*** SOURCE MATERIAL Section Begins ***
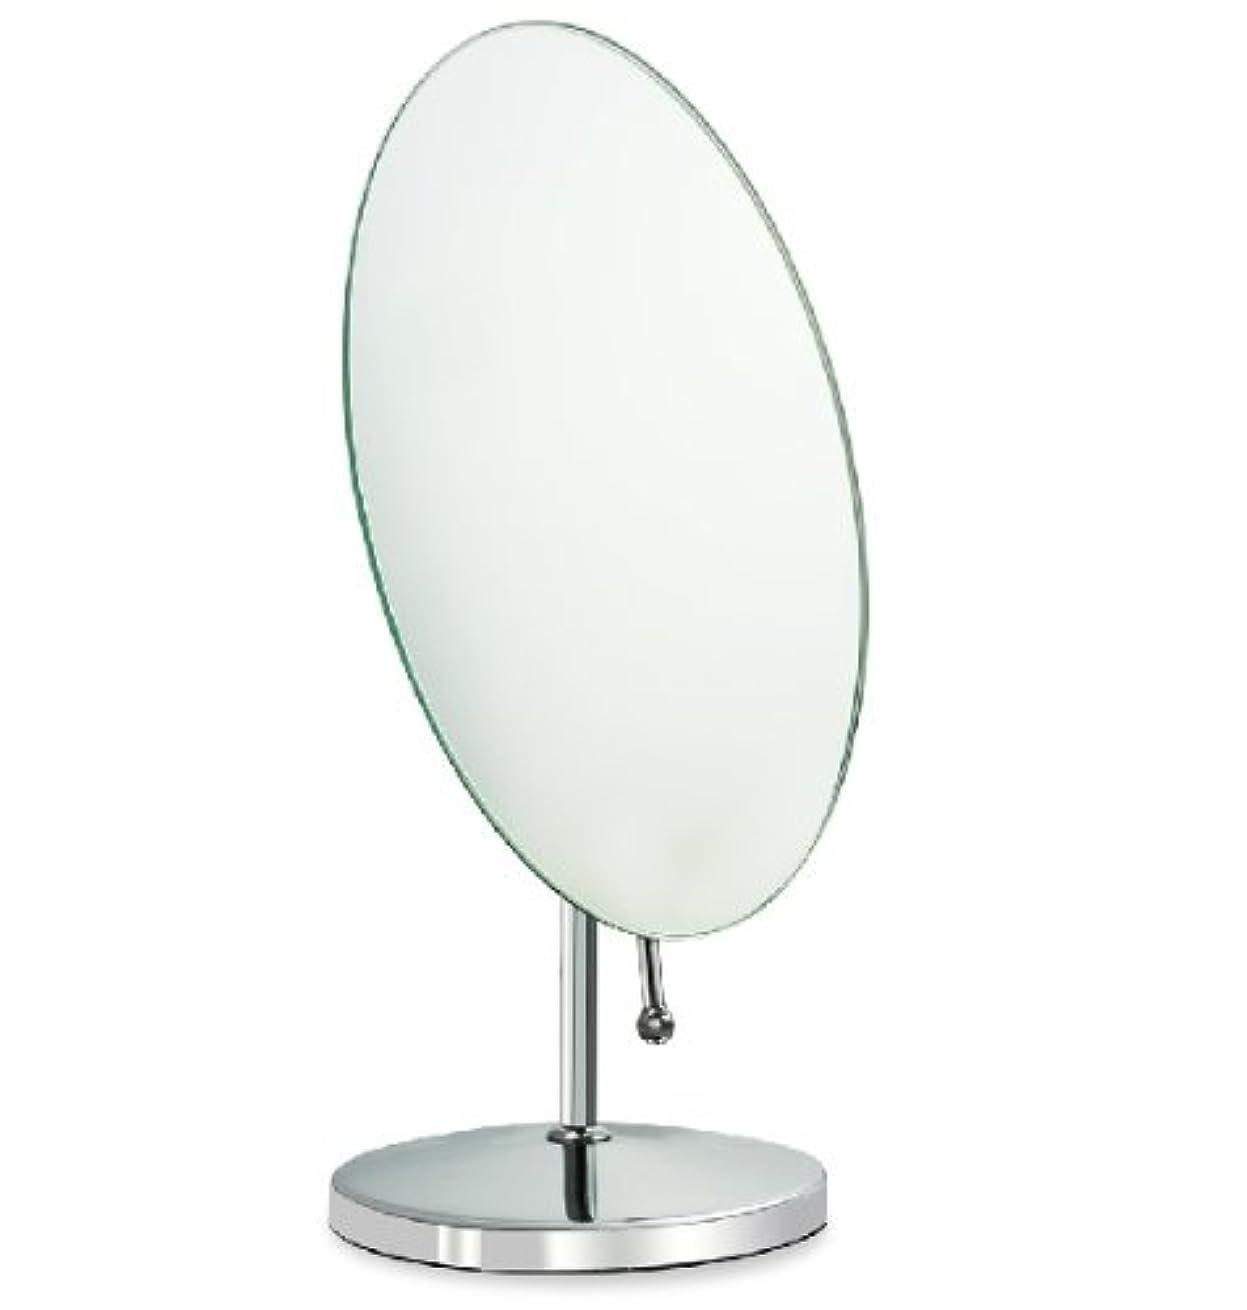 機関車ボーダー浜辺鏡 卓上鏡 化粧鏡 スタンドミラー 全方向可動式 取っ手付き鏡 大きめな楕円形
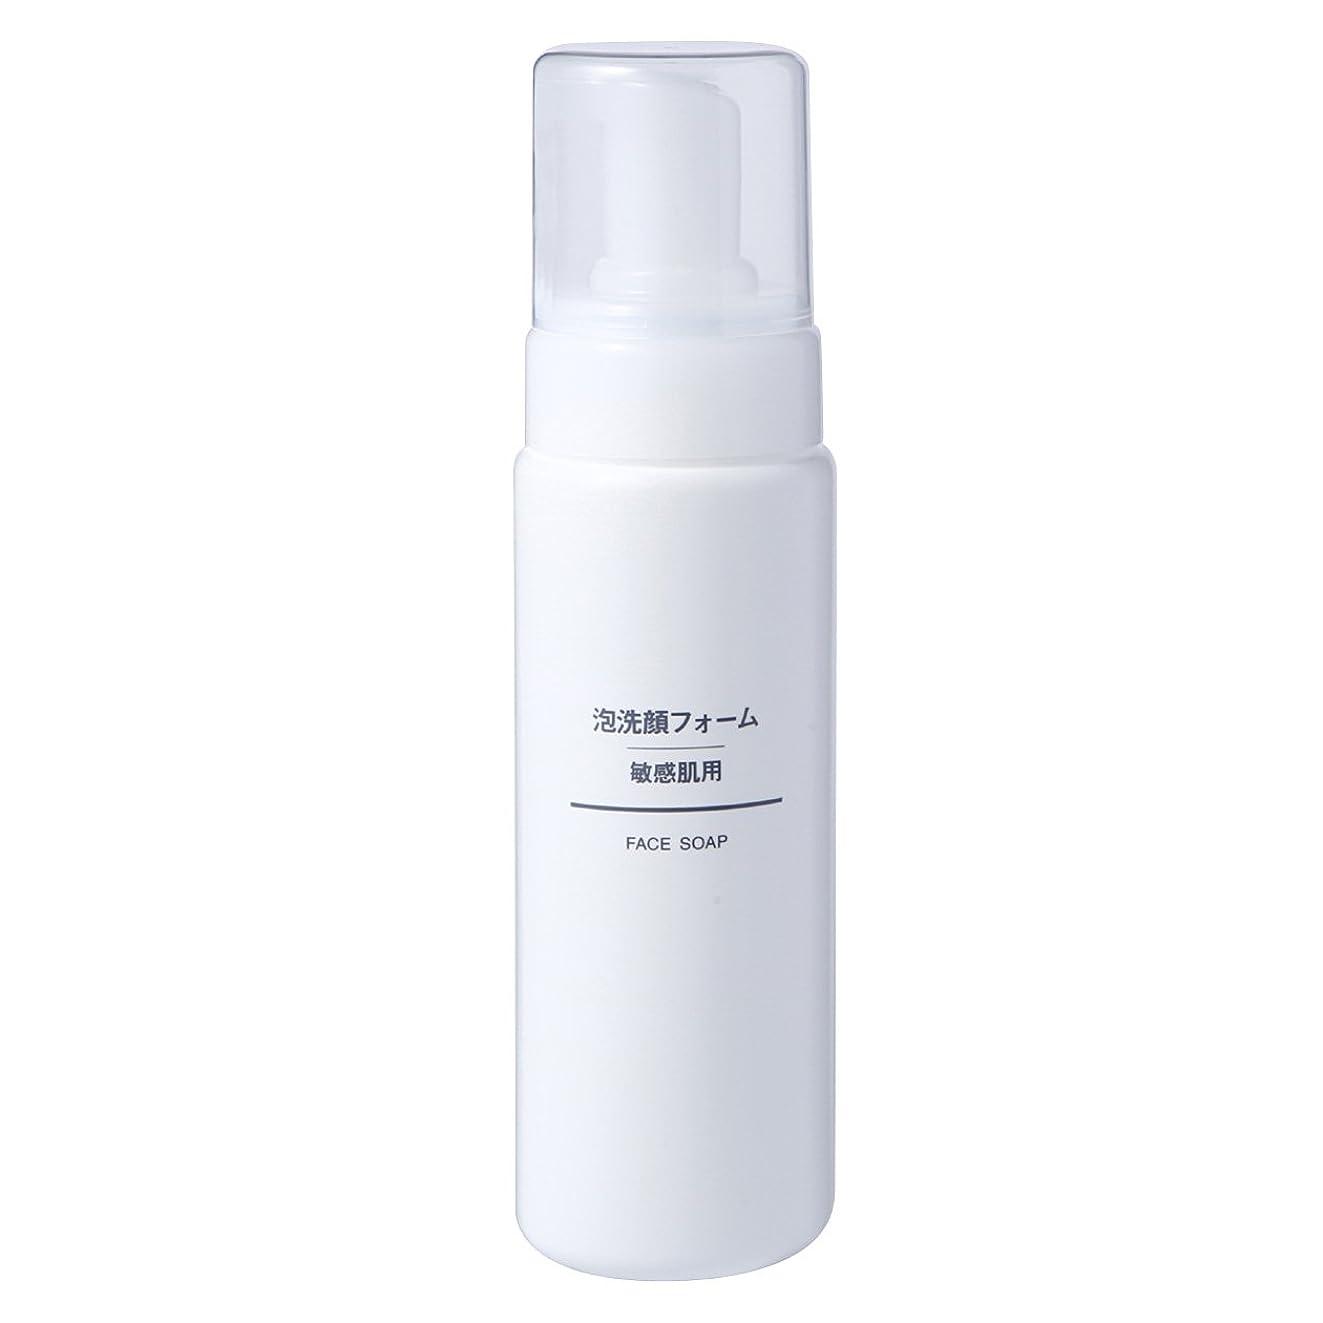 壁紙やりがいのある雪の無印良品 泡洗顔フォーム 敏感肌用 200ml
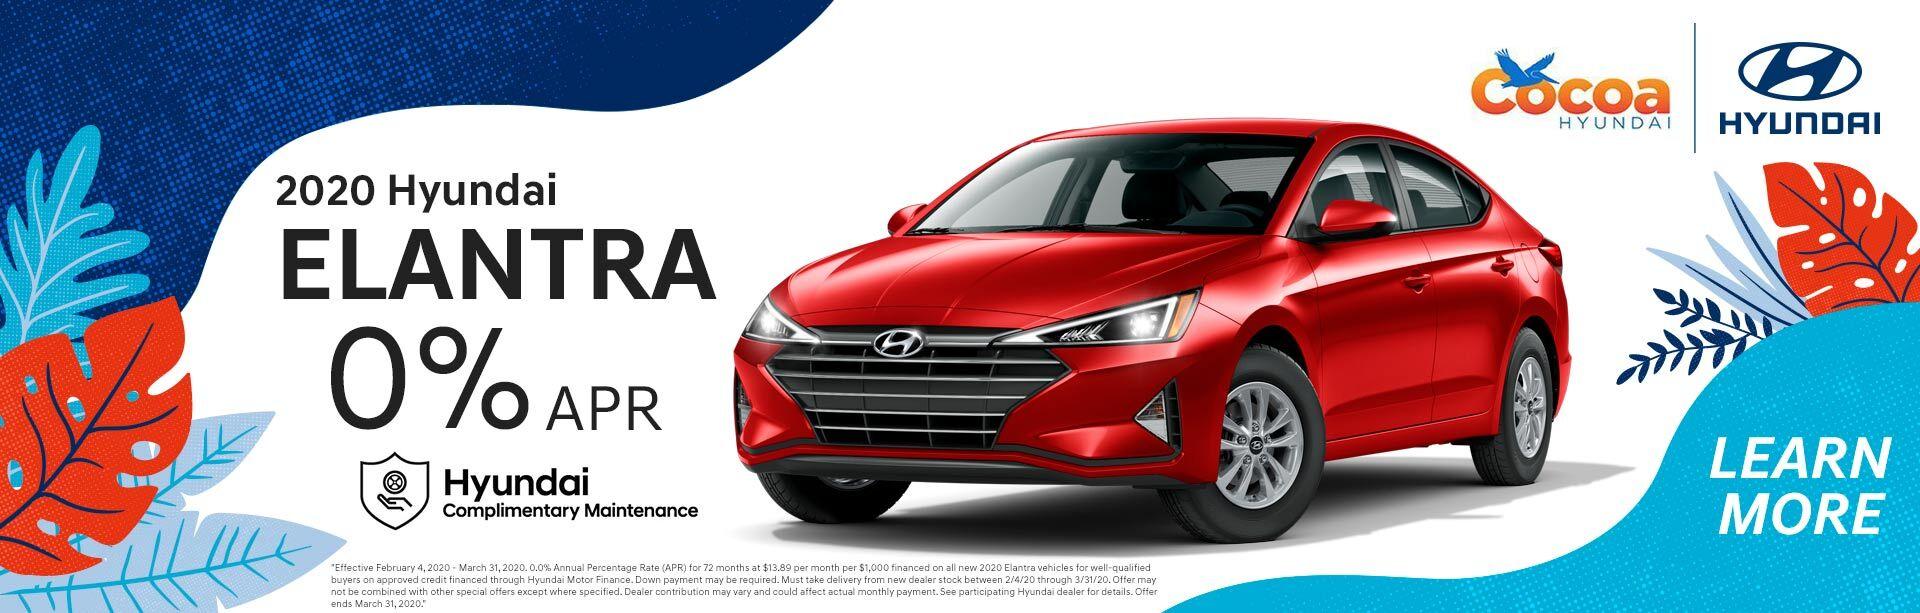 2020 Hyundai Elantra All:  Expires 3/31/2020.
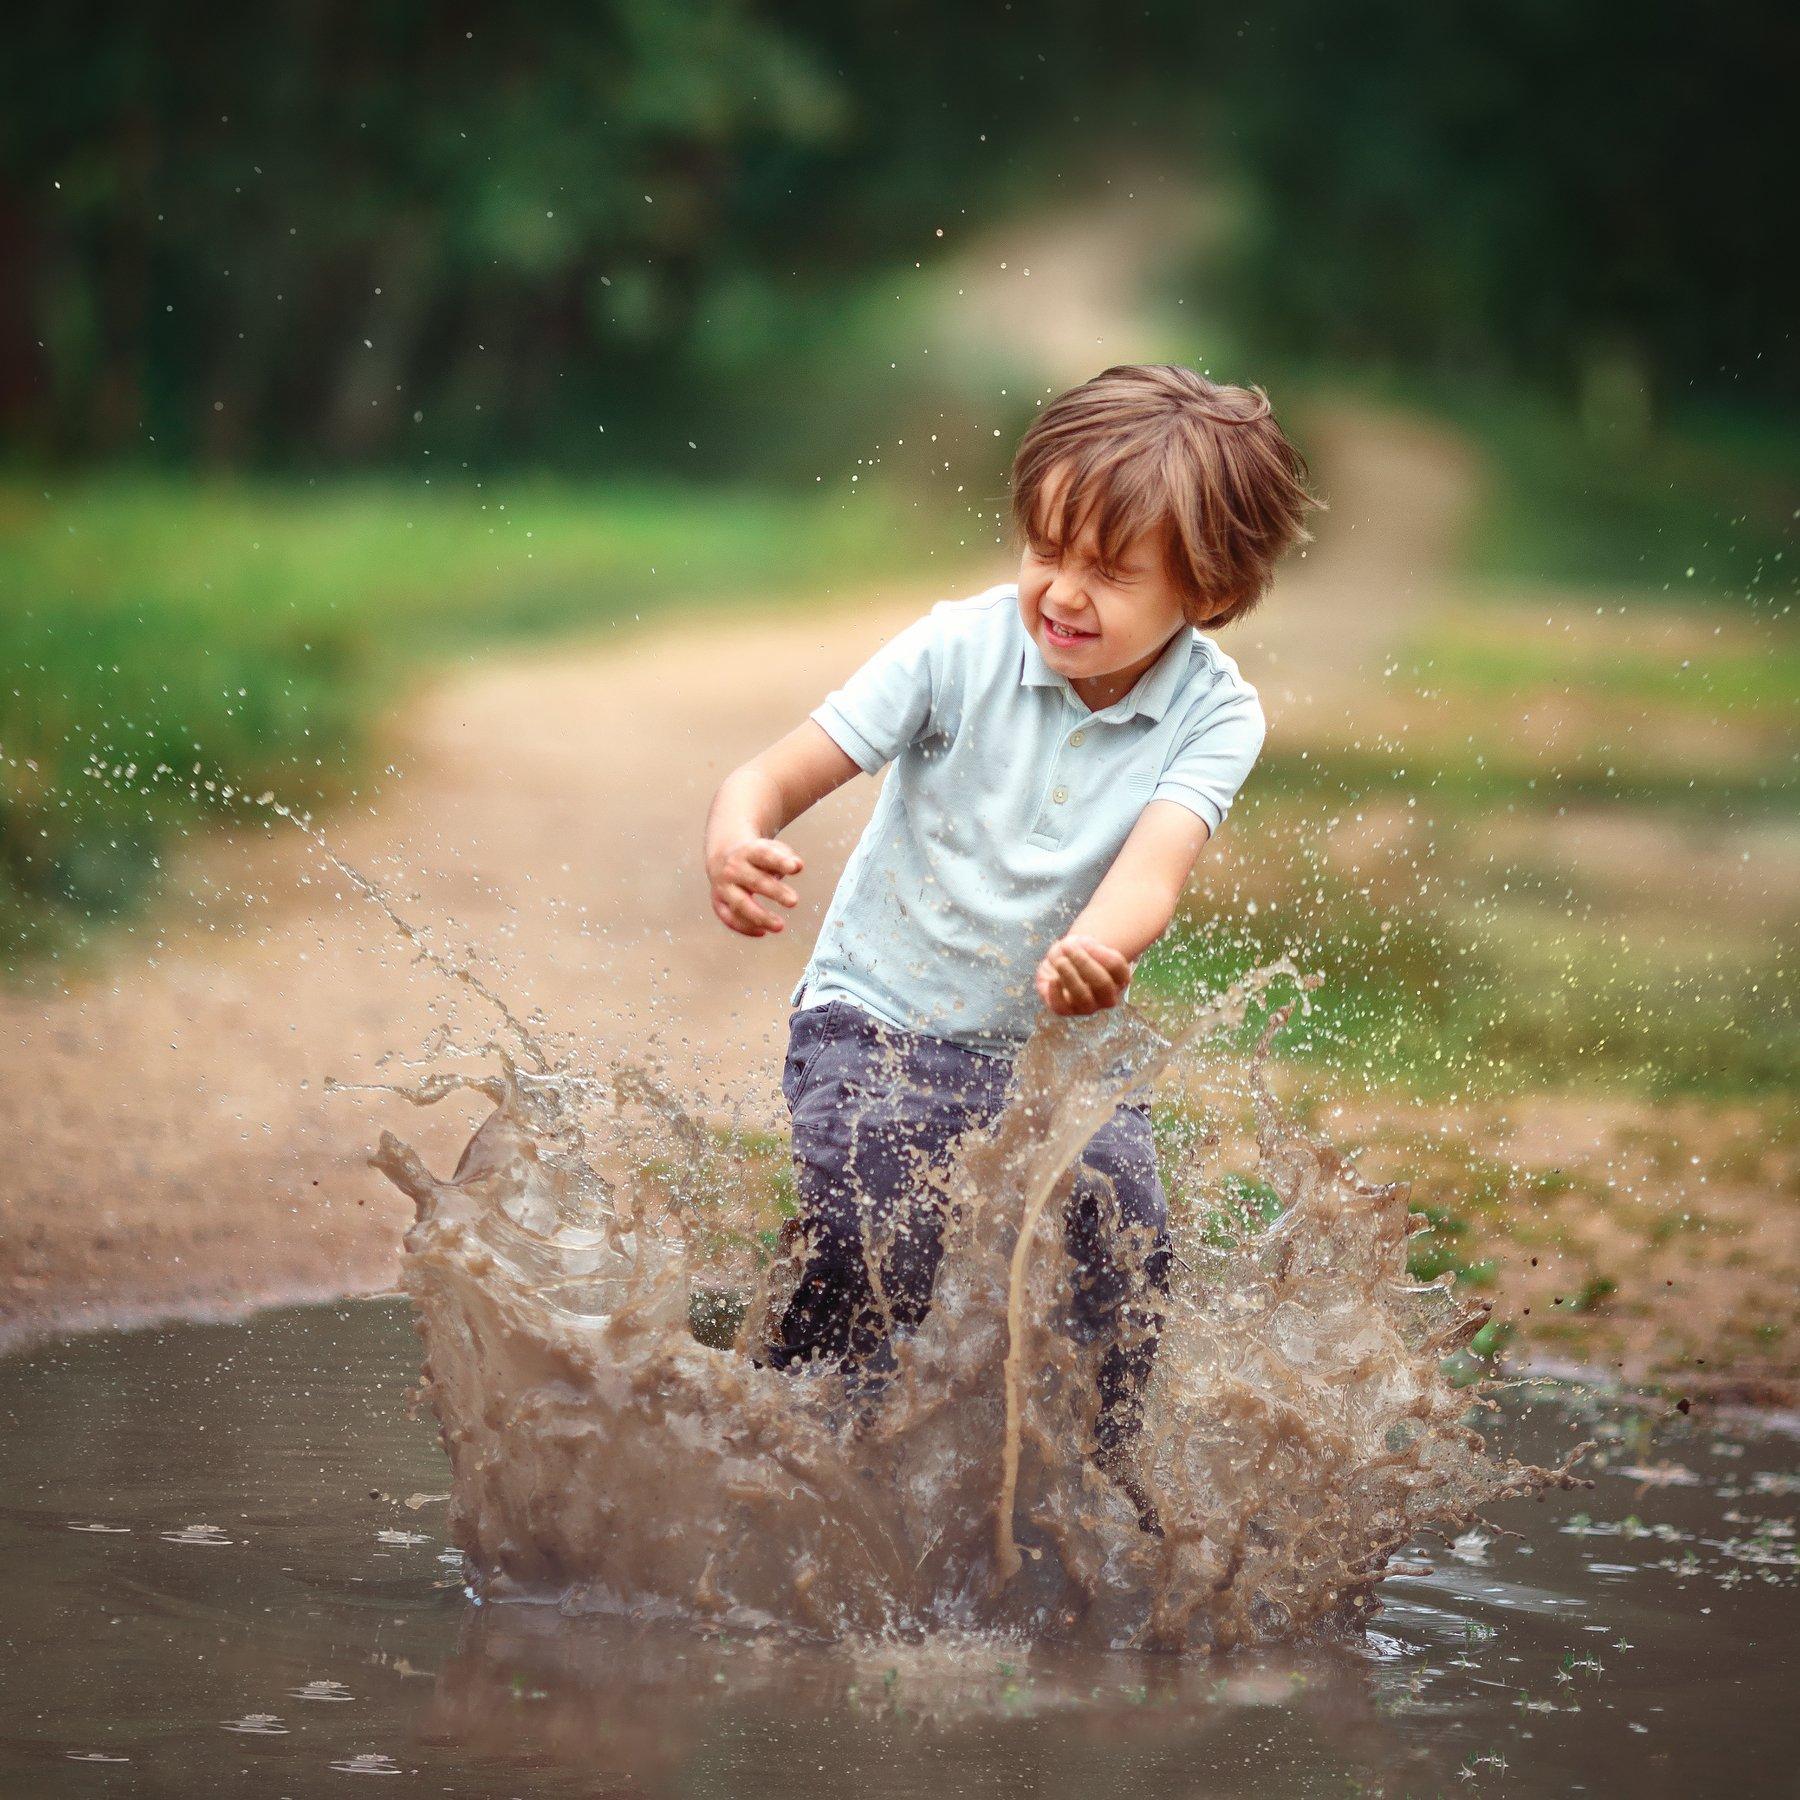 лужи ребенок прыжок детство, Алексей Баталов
*** SOURCE MATERIAL Section Ends ***
▶ _TASK_: Beginning with the line that holds "2020 Hyundai Elantra", extract every line to the end of the material, exactly as it stands, and drop the pictures.

▶ _RESULT BELOW_:
 2020 Hyundai Elantra All:  Expires 3/31/2020.
 лужи ребенок прыжок детство, Алексей Баталов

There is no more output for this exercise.